*Goal of the exercise:*
What you return must match the listing below line for line, minus its pictures.

*** Dataset content Section Begins ***

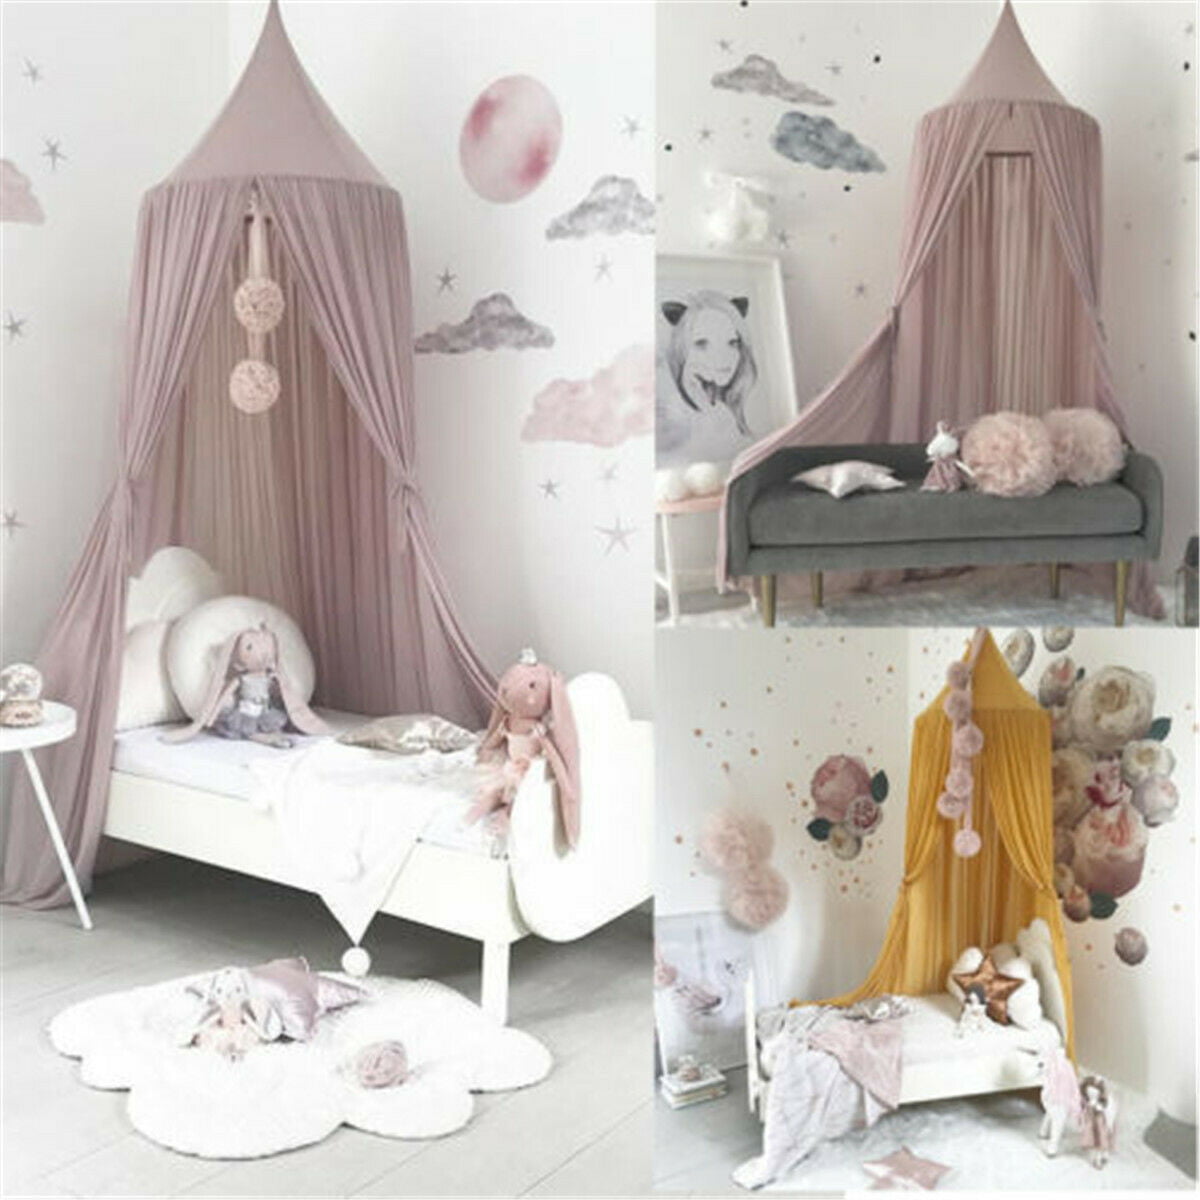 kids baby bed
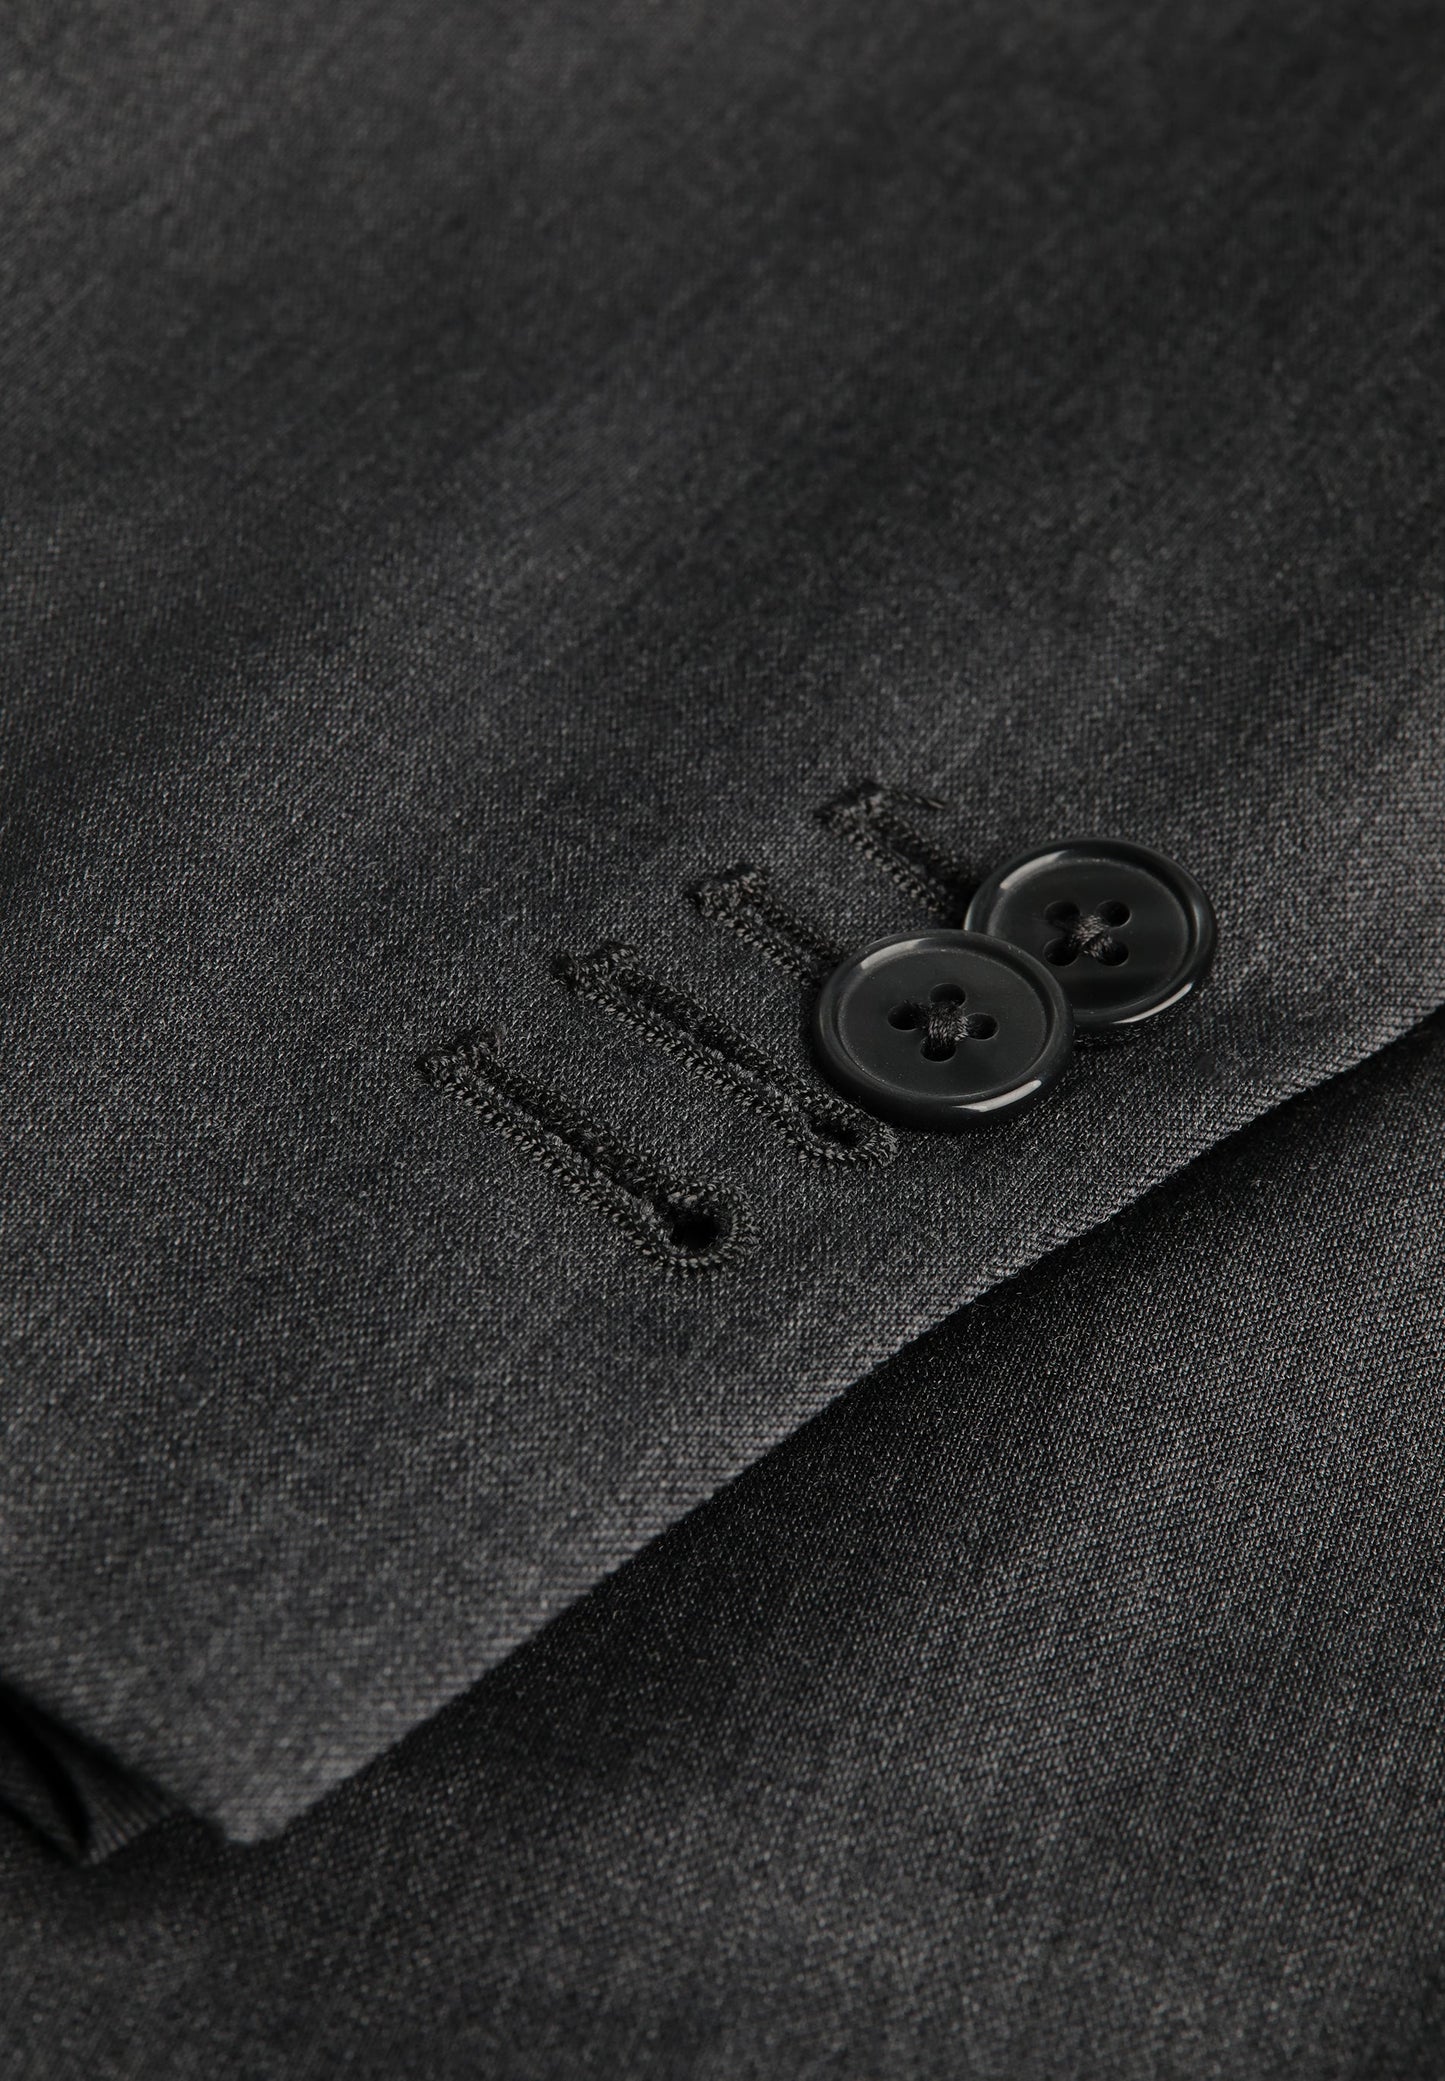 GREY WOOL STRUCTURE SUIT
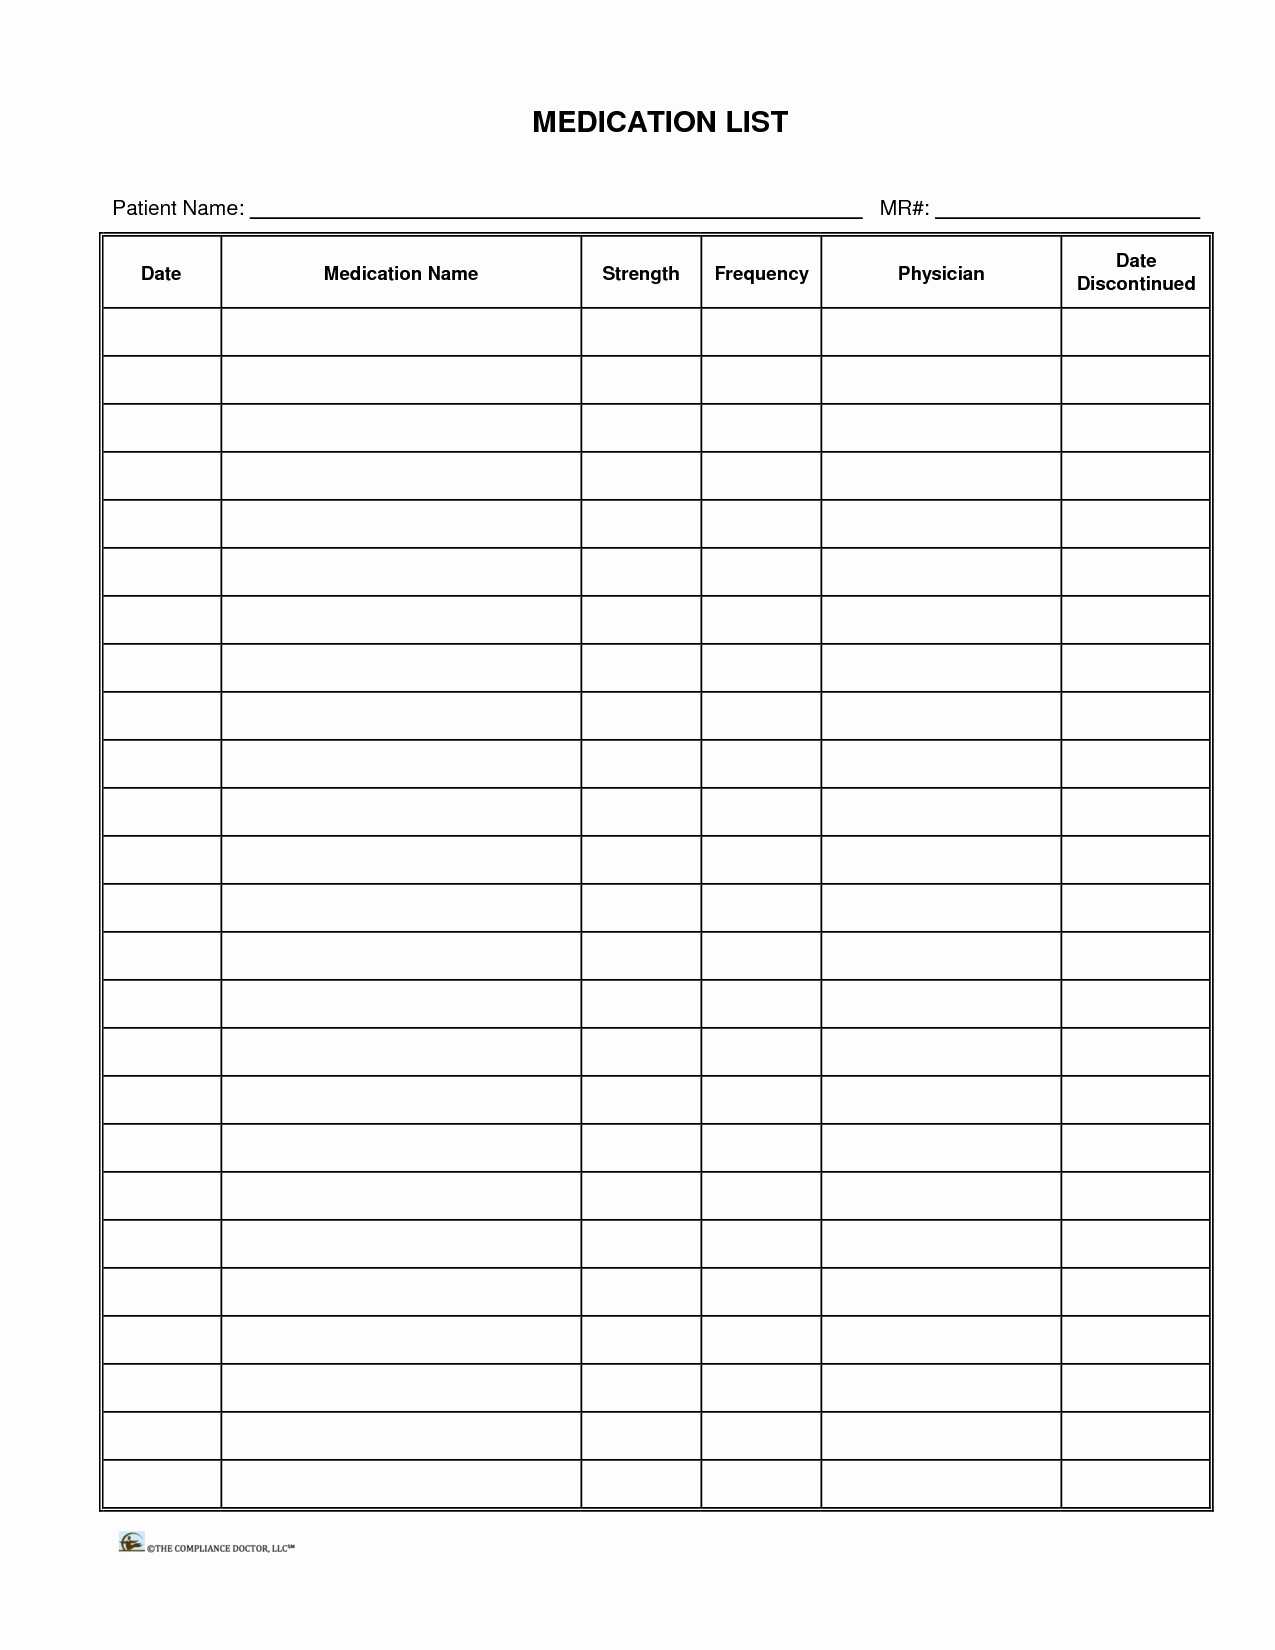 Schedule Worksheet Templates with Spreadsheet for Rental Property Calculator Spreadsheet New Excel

*** Dataset content Section Ends ***

*Exercise solution:*
 kids baby bed
 GREY WOOL STRUCTURE SUIT
 Schedule Worksheet Templates with Spreadsheet for Rental Property Calculator Spreadsheet New Excel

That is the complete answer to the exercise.